4)	Talent. All companies love a talented artist. Not too much to explain here.


So again: Very few companies, if any, provide full endorsements (ie. give stuff away for free). Most actually now work from an artist pricing stand
point, which is very important. There has to be an actual value for any company to give away free gear. 


Hope that helps.


----------



## Repner (Aug 3, 2011)

Ibanez.com | FAQ

As the above posts said though, they won't just consider anyone. Best to look into the advice already given here


----------



## Static (Aug 4, 2011)




----------



## yidcorer (Aug 4, 2011)

All attempts to troll and flame the OP aside, I am very glad he started this thread. Endorsements is a topic we all have been interested in, I guess. I would say it´s contraproductive to tell a company to endorse you, for I highly doubt the big artists got theirs that way. It´s not like John Petrucci went to the guys at Mesa Boogie and threated them with performing fatalities on them if he didn´t get stuff for free.


----------



## signalgrey (Aug 4, 2011)

work work work

network network network

work some more

I got a deal with Blackstar for a few years, nothing high end but artist discount and i could rent the gear pro bono for any show or studio. Pretty sweet. I simply set up a meeting and we talked. BUT we needed to have something to talk about...if you get my meaning. work. hard. alot.


----------



## Fred the Shred (Aug 4, 2011)

Endorsements don't require a MASSIVE profile or Metallica like fanbases. They do require a lot of work, visibility, and networking, as well as a business / career plan, and something that presents value.

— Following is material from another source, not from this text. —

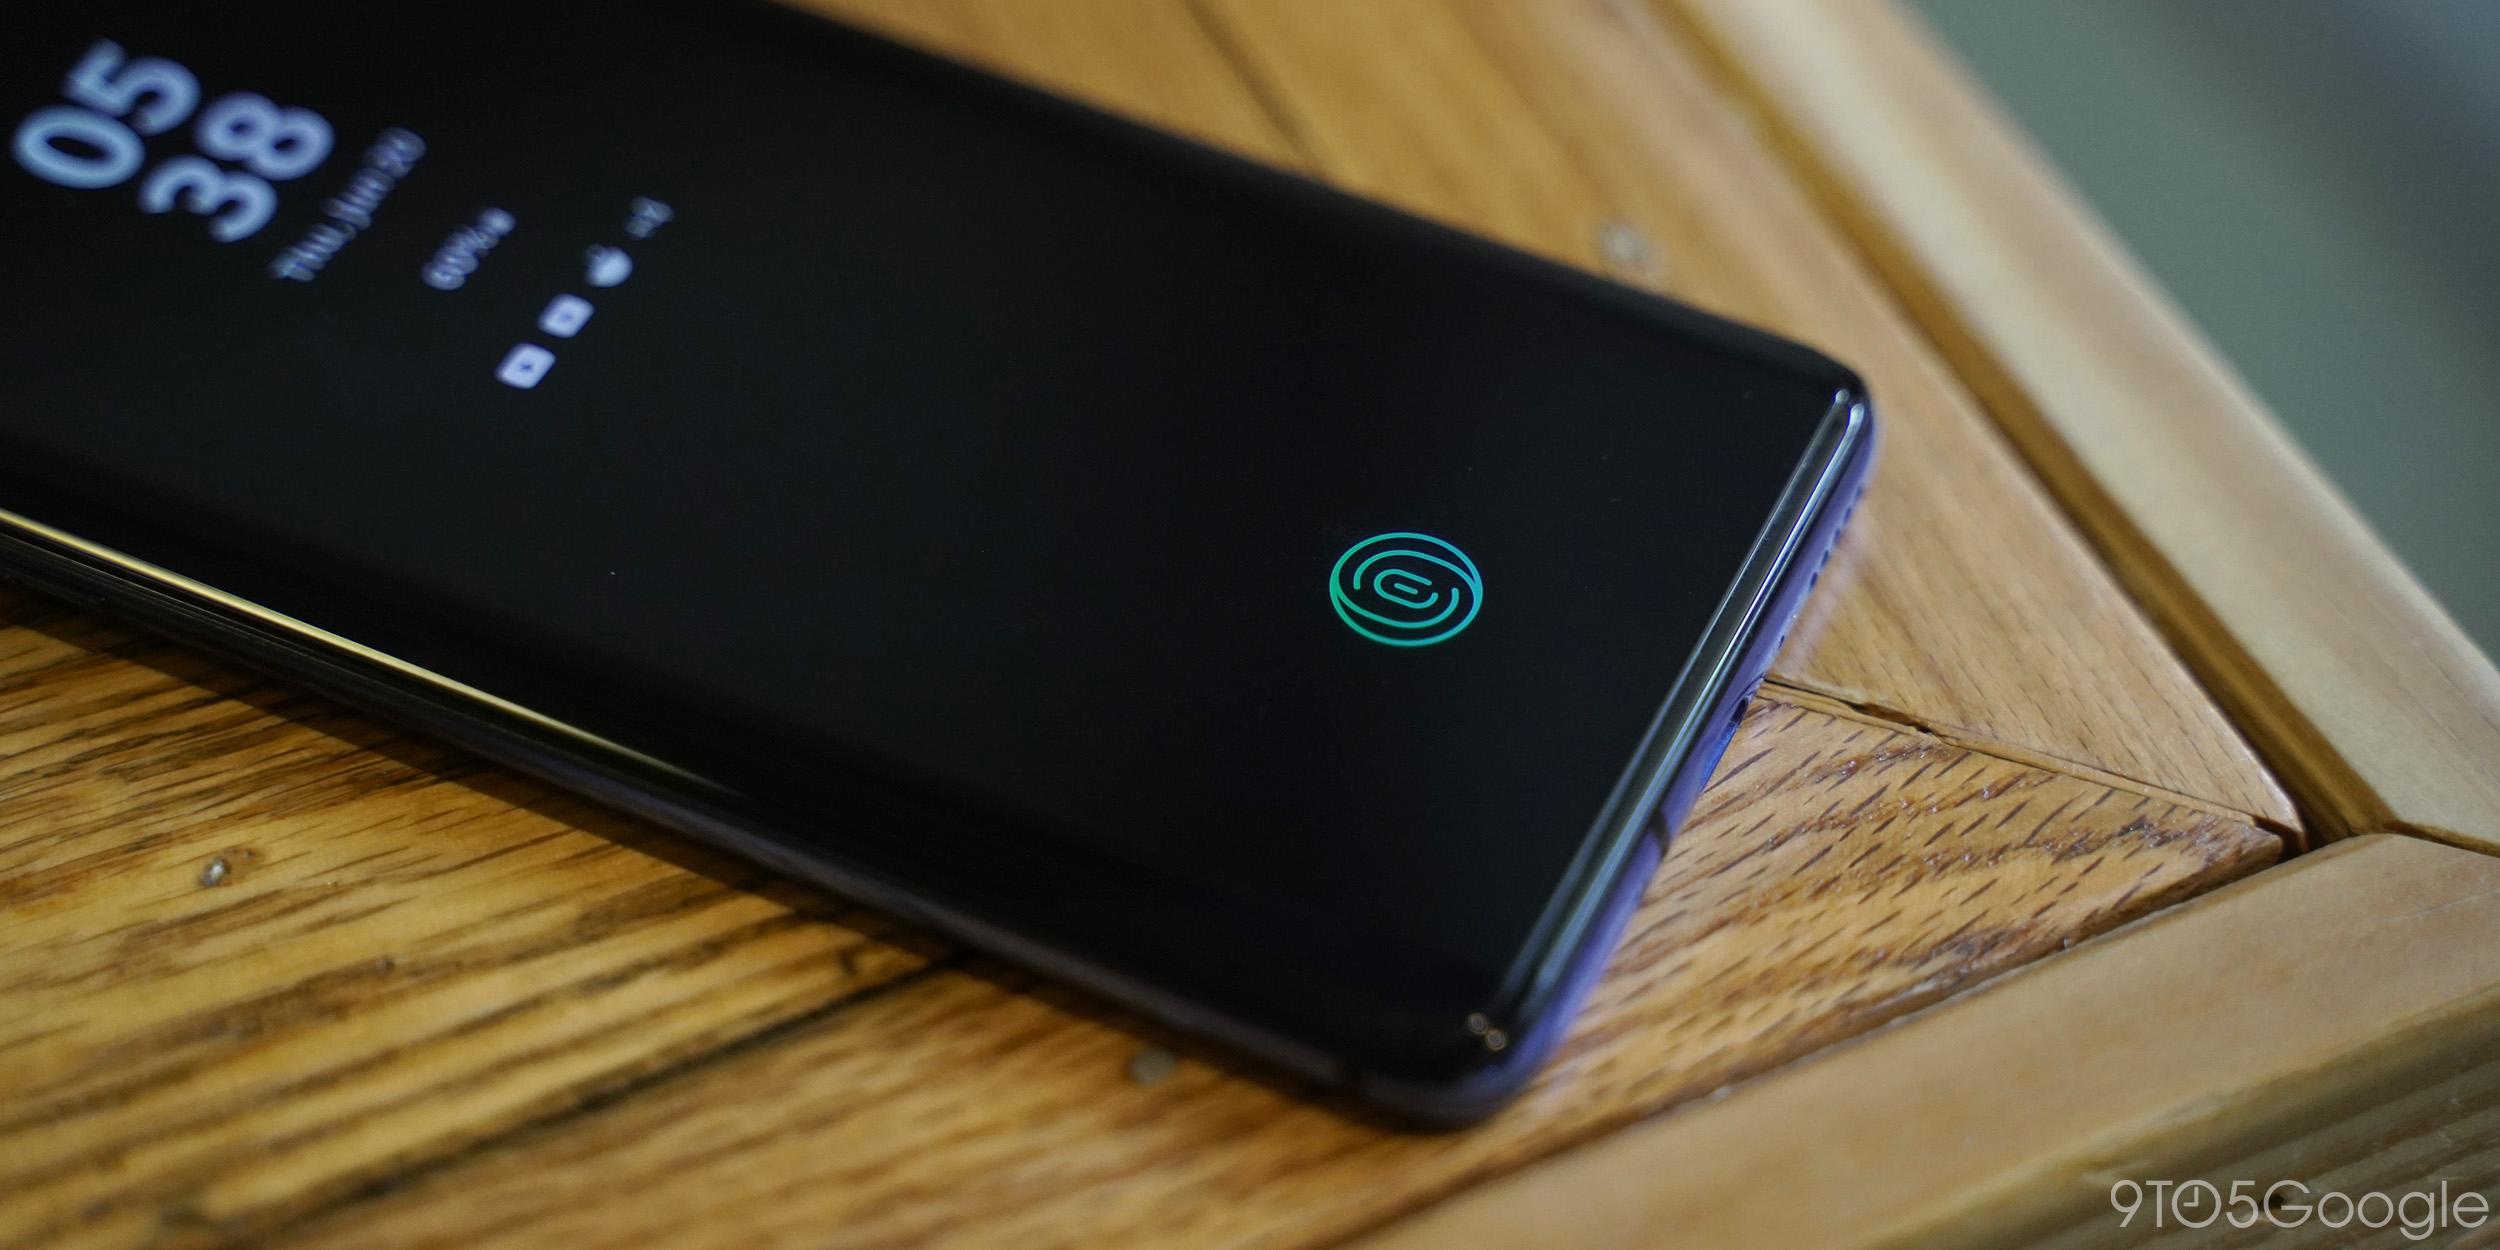 oneplus 7 pro fingerprint sensor

Also, do not EVER take the endorsement whore route, by spamming everyone under the sun and remember that you need to work with companies that will provide what you require. Having some sort of deal with a company whose material you won't use only to jump ship 2 months later is often a worrying sign to potential endorsers.


----------



## Adari (Aug 4, 2011)

Am I the only one who thinks you all just got trolled?


----------



## sk3ks1s (Aug 4, 2011)

Adari said:


> Am I the only one who thinks you all just got trolled?



My thoughts exactly.


----------



## Fred the Shred (Aug 4, 2011)

Trolled or not, the information is here for future reference.


----------



## Floppystrings (Aug 4, 2011)

Step one, become extremely famous.


----------



## Watty (Aug 4, 2011)

If the options above aren't necessarily available, i.e. playing shows, you could always to gain a following on youtube. If you brand the company into what you do and get a few hundred thousand people to pay attention to what you have to say, I think there's a good chance x company might be interested in allowing you to showcase their products.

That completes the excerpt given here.